If you've recently cheered the story of the enterprising young man so dedicated to his job that he ran twenty miles back and forth to his employer until some kindly boss gave him his old car; if you teared up to the tale of the young couple whose baby was born with a life threatening condition prompting a local community to band together and start up an enormously successful GoFundMe page; or you’re just in awe of the generosity of the coworkers who donated their own vacation time to allow a mother a few extra days with her newborn, please take a moment to reflect. While everyone loves the happy endings and admires the spirit of sacrifice these types of stories emphasize, there are countless other untold stories where the outcome is not nearly so rosy.
Jessica Goldstein, writing for Think Progress, captures what is inherently insidious about all of these feel-good stories: they try to put a positive spin on something which ought to be treated with outrage if not out-and-out horror.

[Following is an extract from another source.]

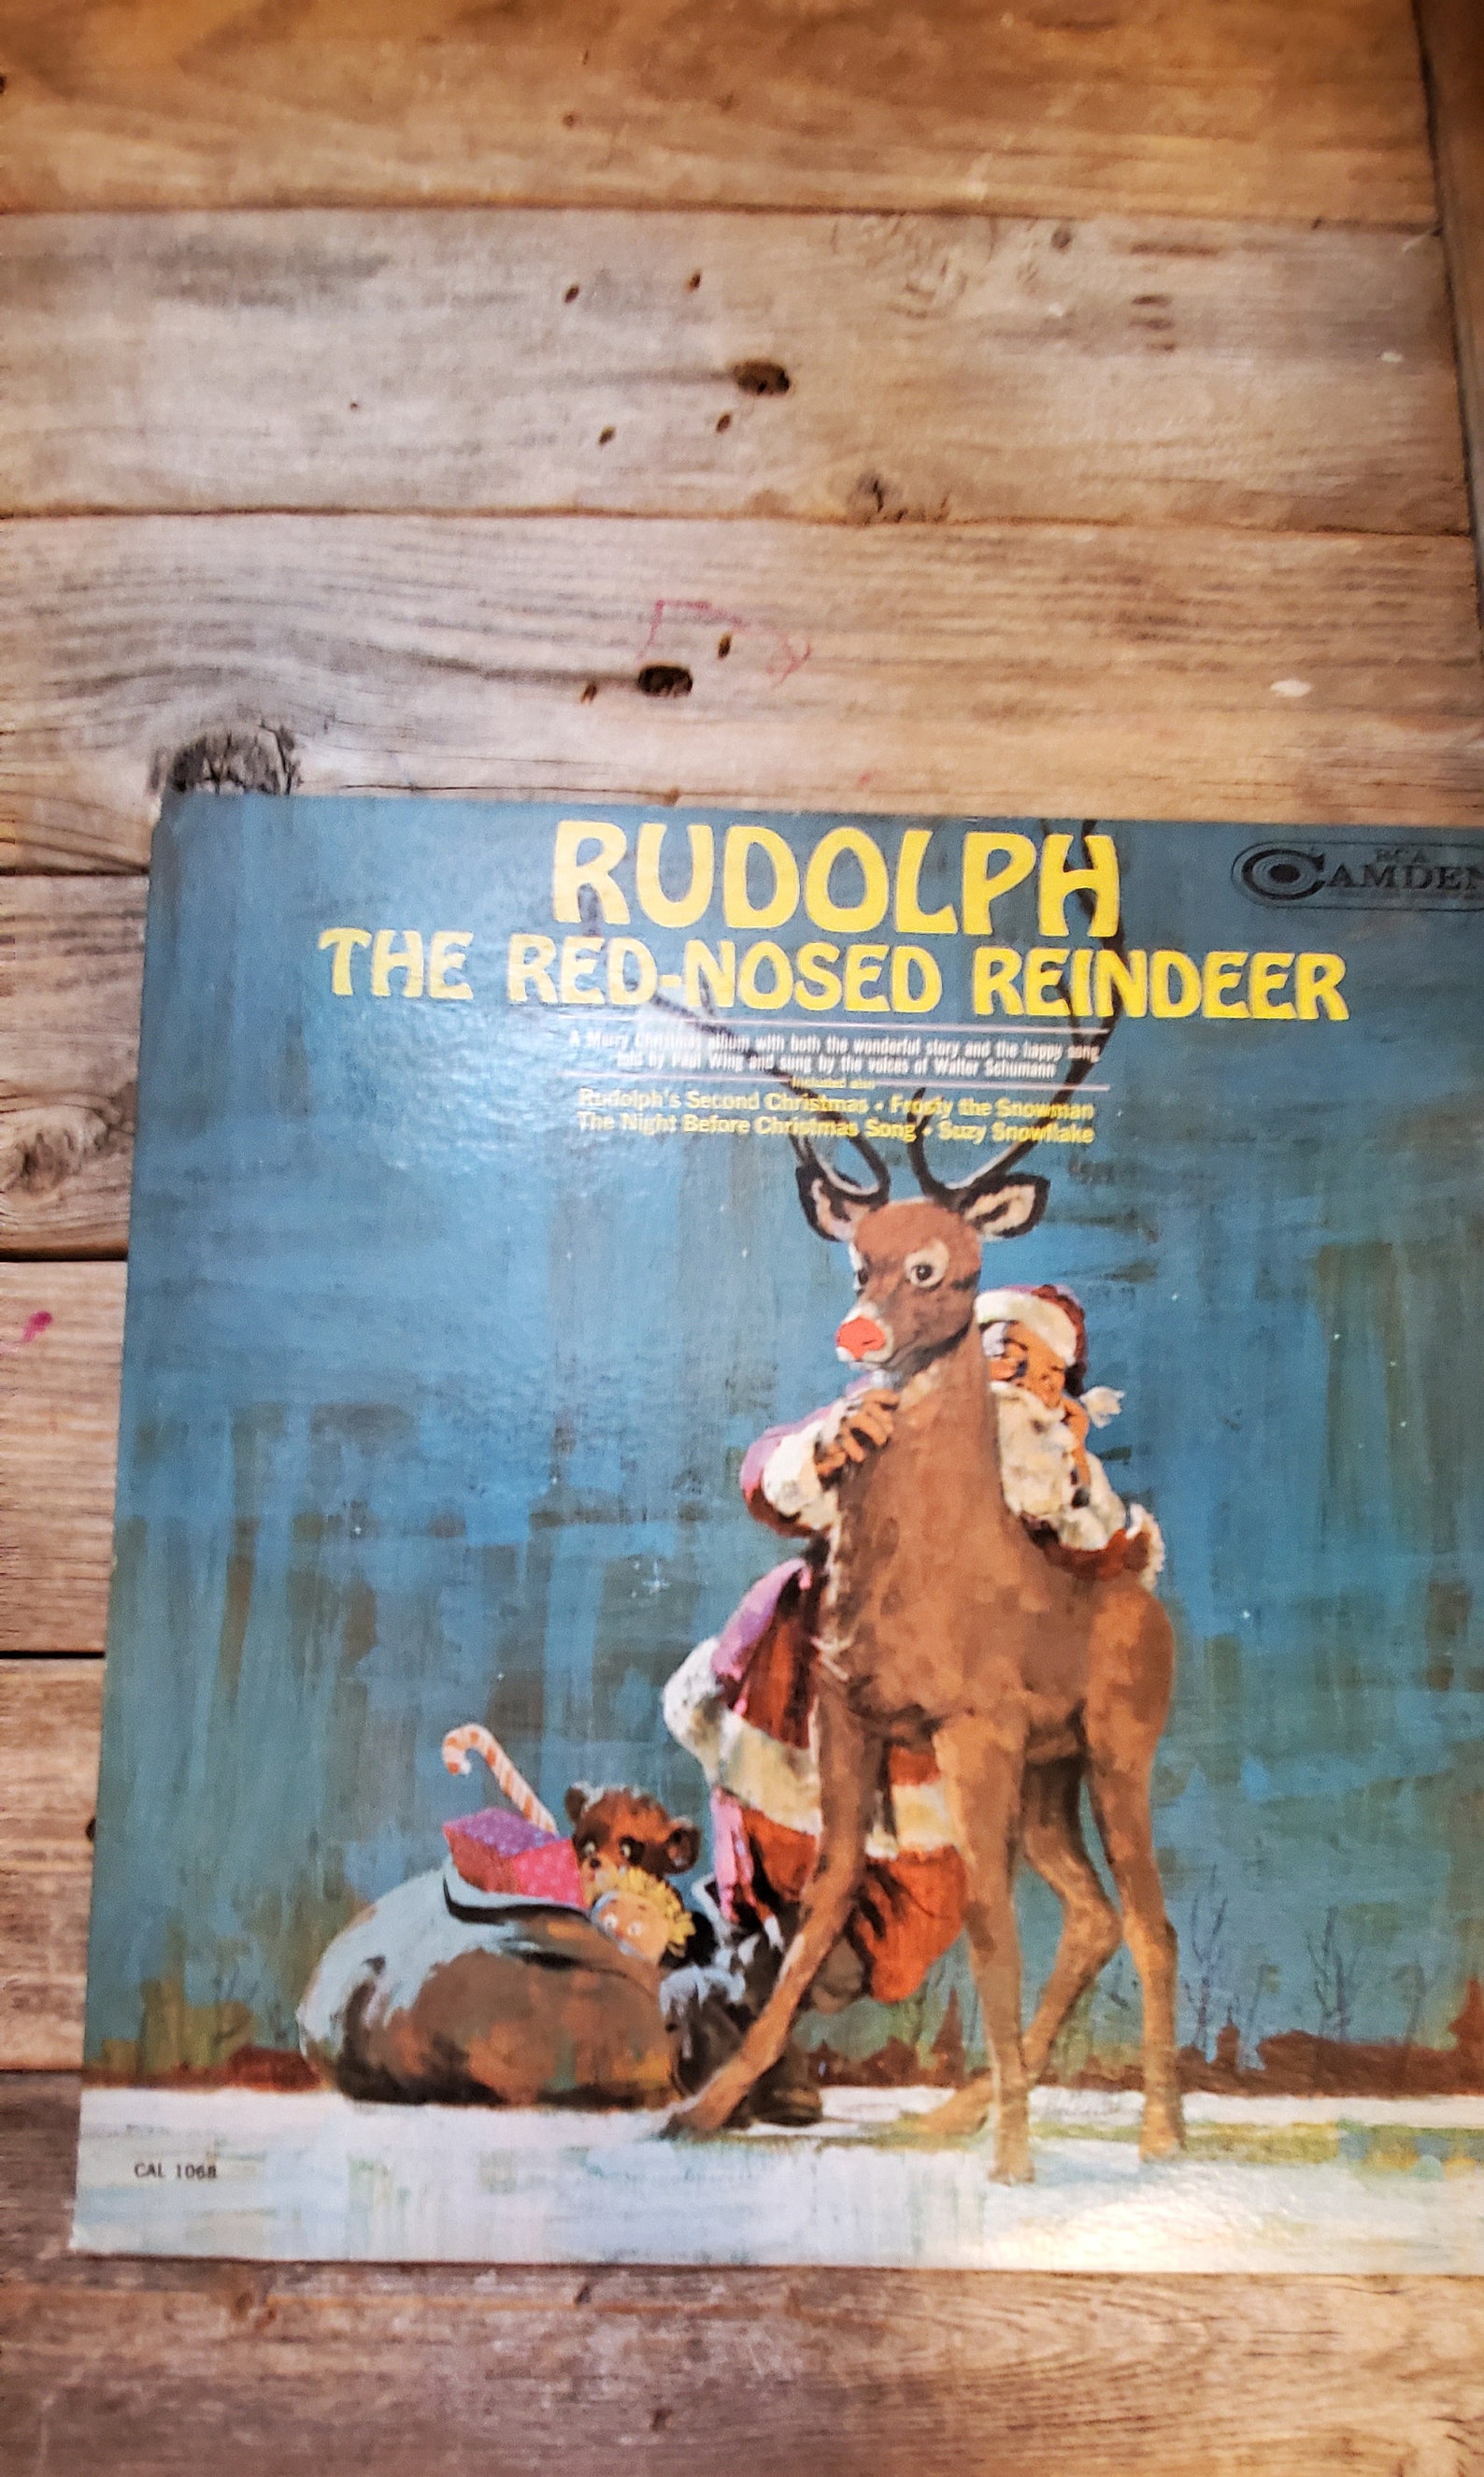 Rudolph The Red Nosed Reindeer Record | Etsy

Stories like this keep popping up on Twitter like zits on a prepubescent forehead: The sunshiney announcement about the GoFundMe for the guy with leukemia who can’t pay for his own medical costs. (He is employed by an organization whose owner has a net worth of $5.2 billion.) The dad who works three jobs to support his family saving up to buy his 14-year-old daughter a dress for an eighth grade dance. The college student who ran 20 miles to work after his car broke down and whose boss rewarded him for this effort by giving him his own car.
A common thread running through many of these “inspirational” vignettes is the existence of a seemingly impossible social dysfunction solved by the miraculous ingenuity and sheer generosity of others. The focus is always on the unique "pull yourself up by your bootstraps" solution rather than the underlying institutional problems that allowed the situation to exist in the first place.
In this way these stories serve to mask the reality of what Goldstein justifiably calls the "horror of late stage capitalism." By ignoring the fact that no other developed western country deprives its citizens of health care or maternity care, for example, these stories validate the dubious premise that everything can be "just fine" if ordinary Americans simply sacrifice a little bit more.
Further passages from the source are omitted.